Deidentification: Annotators review audio, transcripts, and notes to manually annotate what constitutes market relevant protected health information (PHI) or special category data that are considered identifiable. 
Generation of orders: If there is a prescription discussed between a doctor and patient, the annotator would use that to generate an order with the information that order needs to have (ICD-10 code, RX code, dosage, etc.). This is used for the training and evaluation of our Order Generation AI.

Group three

Our engineering and research teams may need to access Microsoft Dragon Copilot services which contain Customer Data to ensure the reliable operation of the product. This access is crucial for diagnosing and resolving technical issues, optimizing system performance, and implementing necessary updates. Access requires Secure Admin Workstations, time-based approval, a ticket to justify the need for that access and appropriate role permissions which separate access between customer content (PHI or special category data) and EUII. This access is also geographically based to ensure compliance with local data privacy standards. 

Microsoft Dragon Copilot Data Center	Partner or CSO	Clinical Integrity, Research, and Annotators	Engineering
US	SI: Refer to Partner CSO: US, India	US, EU, Canada, India	US, EU, India
Canada	SI: Refer to Partner CSO: US, India	US, EU, Canada, India	US, EU, India
UK	SI: Refer to Partner CSO: UK, EU	EU	US, EU, India
France	SI: Refer to Partner CSO: EU	EU, UK	US, EU, India
Germany	SI: Refer to Partner CSO: EU	EU	EU

Privacy incident management

Microsoft maintains an Incident Management Policy and notifies its customers of any incident leading to the accidental or unlawful destruction, loss, alteration, unauthorized disclosure of, or access to personal data within the scope of responsibility by any of its staff, sub-processors or any other third party. In the event of a personal data breach, Microsoft has established processes for the identification, mitigation and remediation of the breach to the extent the remediation is within Microsoft's control. Microsoft maintains thorough records of privacy incidents for inspection by a Supervisory Authority.
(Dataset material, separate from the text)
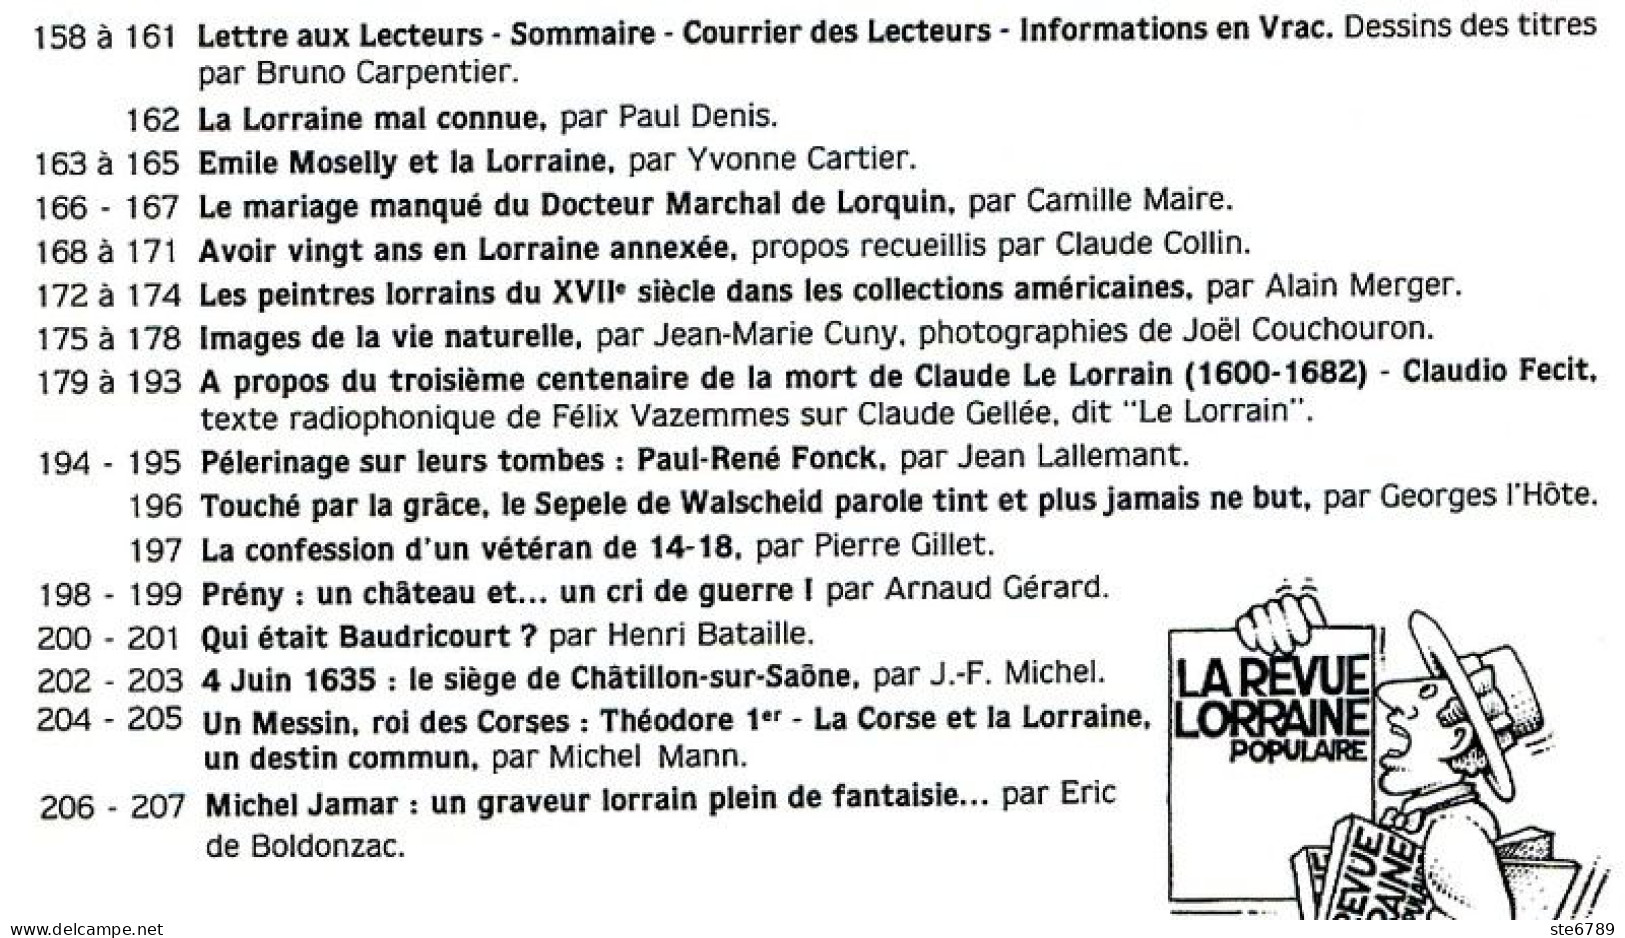 LA REVUE LORRAINE POPULAIRE N° 46 1982 Emile Moselly , Baudricourt , Prény , Chatillon S Saone , Michel  Jamar - Lorraine - Vosges

Microsoft notifies customers and regulatory authorities of data breaches as required. Customer notices are delivered in no more than 72 hours from the time we declared a breach.

Sub-processors

Microsoft uses other organizations to assist in the provision of its products – for example in the hosting of services or the provision of cloud-based tools for support. All of these sub-processors are listed on the learn site. Microsoft does not allow any of these organizations to process personal data without a Data Processing Agreement that subjects the sub-processor contractually to the same data protection obligations that Microsoft has agreed with our customers. All organizations that are contracted by Microsoft to process personal data are subject to Vendor Risk Assessments for security and data privacy practices.